Kim Kardashian is no stranger to a fleeting moment becoming a viral news story. But her recent appearance at the Met Gala wearing the dress that Marilyn Monroe wore to sing Happy Birthday to President John Kennedy in 1962 proved particularly divisive. Whatever your feelings about Galagate, the furore does make you wonder about the fate of other coveted – and increasingly valuable – garments from Hollywood history. What happened to those other magnificent outfits – and why did no one realise their eye-popping value?

Climate check: grunion run has fascinated scientists, but their future is threatened by the climate crisis

On certain nights on a quiet California beach, thousands of small, silvery fish gather in the moonlight to perform a unique mating ritual. Known as the “grunion run”, the spectacle is one of the lesser known natural wonders of the US west coast. Grunion are a rare fish species that come ashore to spawn. The grunion run has fascinated scientists and local people for decades. But its future could be imperiled by the climate crisis – including warmer land and water temperatures and increasingly acidic oceans – as well as human activities such as fishing.

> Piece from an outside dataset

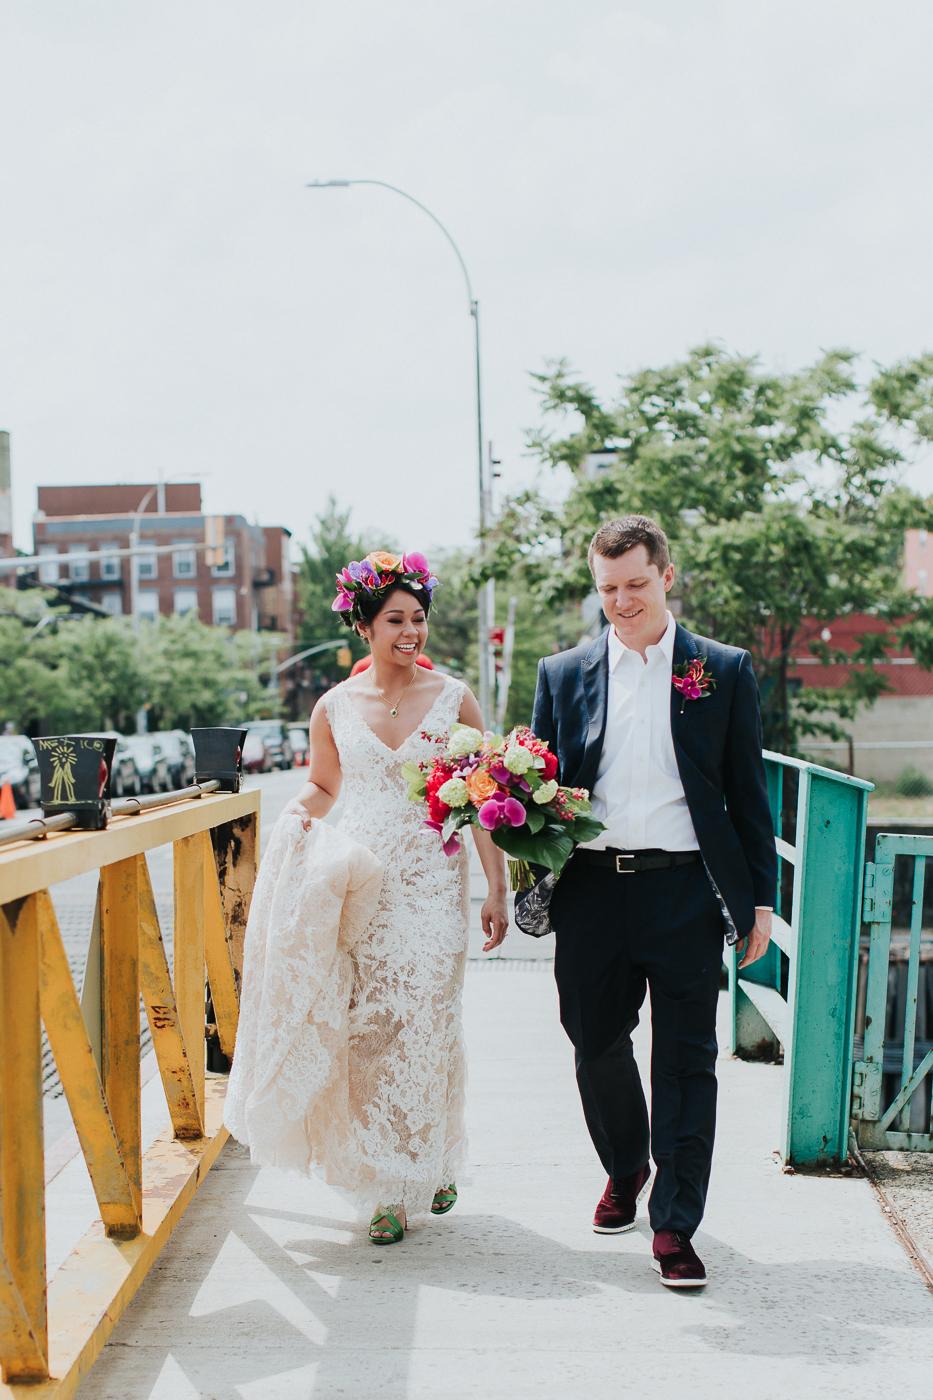 501-Union-Brooklyn-Documentary-Wedding-Photographer-27.jpg

Last Thing: newly identified water lily species is world’s largest

Giant waterlilies at Kew Gardens in London
Giant waterlilies at Kew Gardens in London. Photograph: Dominic Lipinski/PA

A giant waterlily grown at Kew Gardens has been named as new to science, in the first discovery of its type in more than a century. Scientists at the south-west London garden suspected for decades there could be a third species of giant waterlily and worked with researchers in its native home in Bolivia to see if their thesis was correct. With leaves growing up to 3 meters in the wild, it is also the largest giant waterlily on the planet. The striking lily has flowers that turn from white to pink, and bears spiny petioles.